SAVANNAH, GA - Several Emergency Management Technicians (EMTs) were suspended without pay last week for new tactics that had not been approved by their supervisors. The three EMTs - two men and one woman - have appealed their suspensions and are awaiting a decision that should come as early as today.
When TBNN asked the EMT supervisory board what the problem was, the board responded in writing, saying, "The three EMTs in question are responsible, as are all EMTs, to do all they can to help the injured or ill remain alive until they arrive at the hospital. These three individuals failed to do that."
We at TBNN wanted to get both sides of the story. Two of the EMTs agreed to grant an interview.
Gary Karver (pictured above), an EMT for several years now, said, "It used to be that when we came upon a dead or dying (we often can't tell the difference at first) person, we would do all we could to resuscitate him and get him to the hospital alive. This was my goal every time. Well, that changed a few weeks ago. The reason for this is that I realized that this violated the person's free will. I mean, what if he doesn't want to be saved? It simply doesn't seem right or fair to take away his freedom like that."
Stephanie Tate, Karver's suspended partner, said, "I agree with Gary. Who are we to save people without asking them what they want? What we had been doing for the last several weeks, before the suspensions, was offering what we call PREVENIENT ASSISTANCE. When we arrived on a scene, we would offer enough help to the accident victim to bring him to the point where he could decide for himself whether or not he wanted to be saved.
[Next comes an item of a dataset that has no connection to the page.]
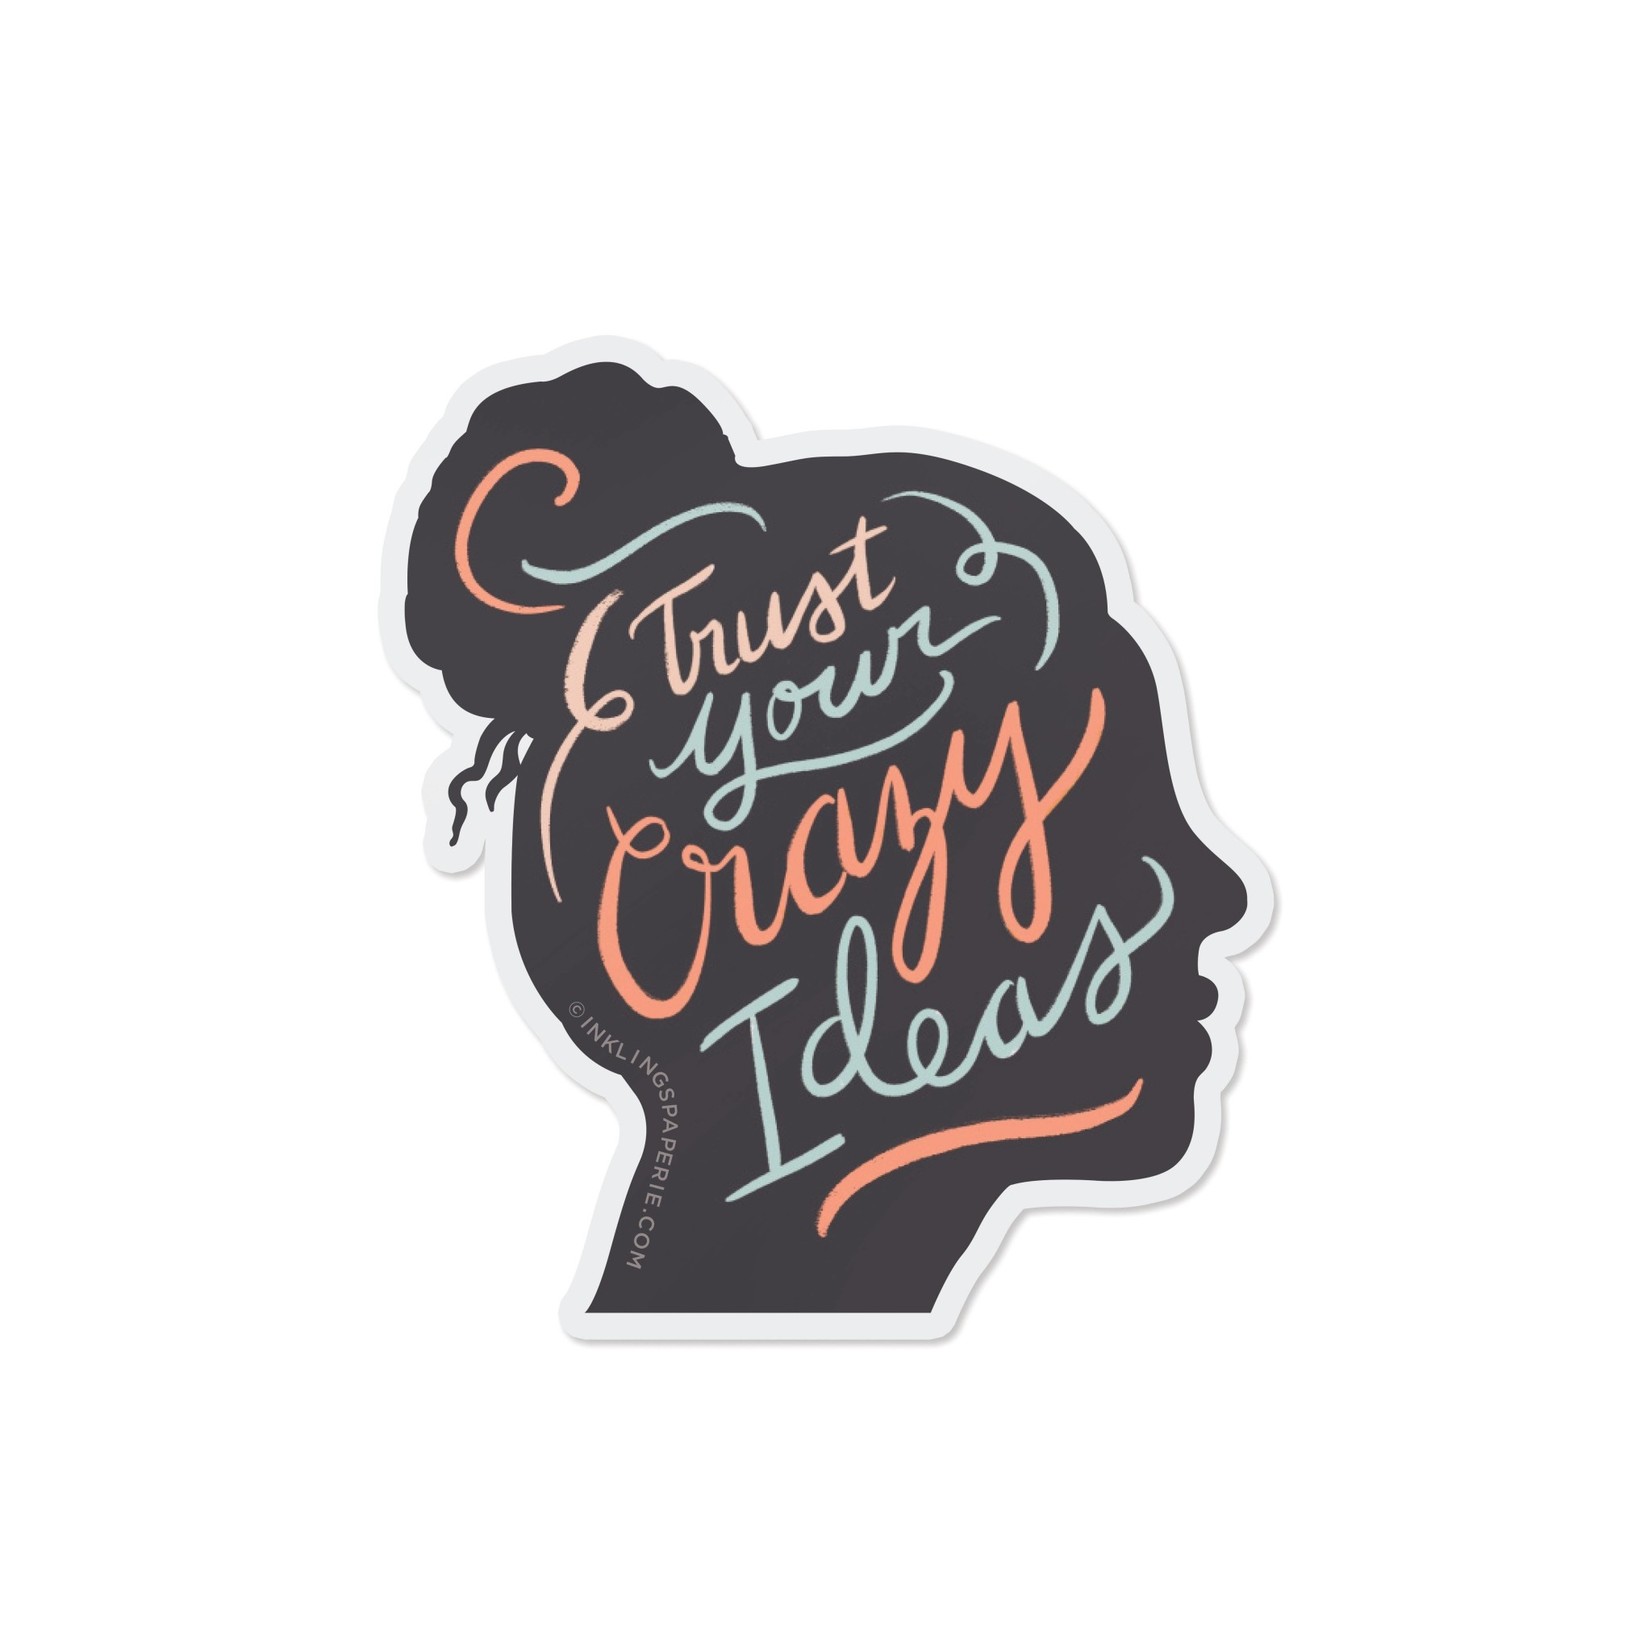 Trust Your Crazy Ideas Sticker

For example, in one case I gave a man mouth-to-mouth resuscitation but didn't stop his bleeding. He came to consciousness, but unfortunately bled out and died soon after. The point is that he decided."
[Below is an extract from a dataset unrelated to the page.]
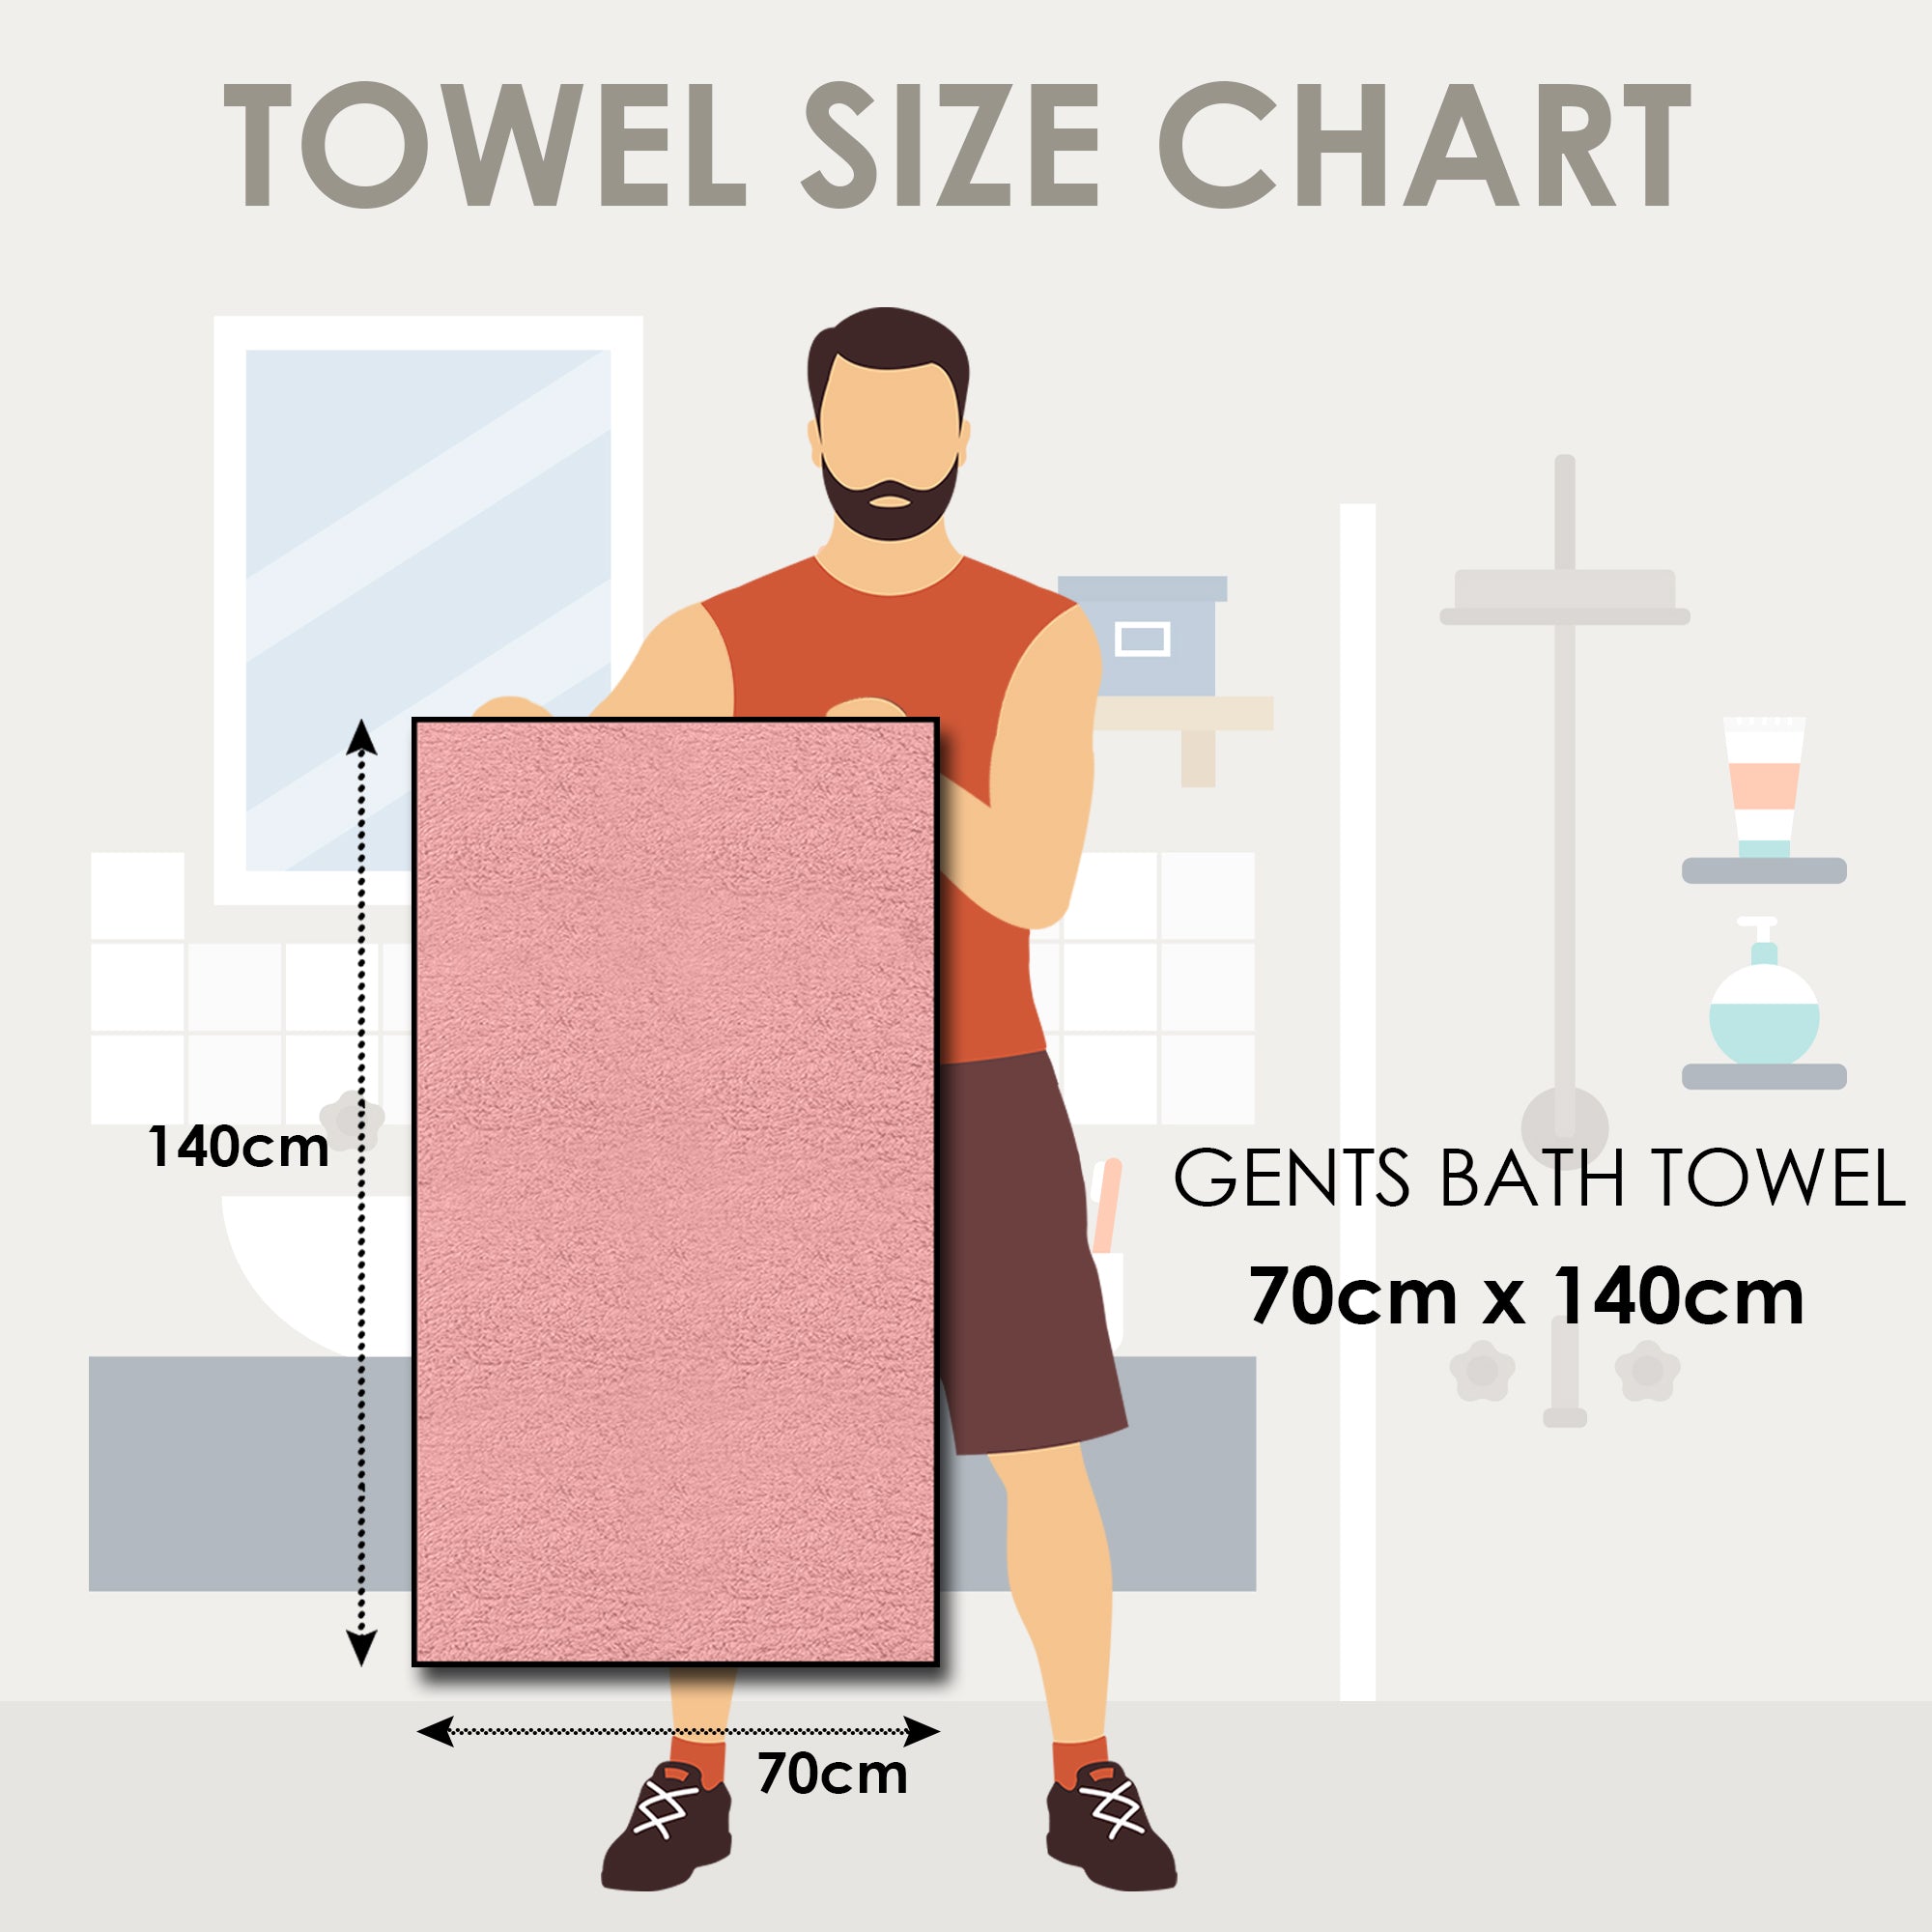 Story@Home 2 Units 100% Cotton Bath Towels - Green

Karver chimed back in, "Last week, we arrived at the scene of a minor explosion. I quickly gave a little bit of help to everyone involved. However, I refused to make the decision for them. A few died on the scene, but most survived. My supervisor said I should have done more to save them, but this just seemed to me to violate their person-hood. I couldn't do that."
We asked both EMTs if they would change back to their old practices in order to keep their jobs.
According to Tate, "This is a hill on which I have chosen, proverbially, to die. I refuse to violate anyone's free will even if it is for their good. They must choose. That is the most important thing."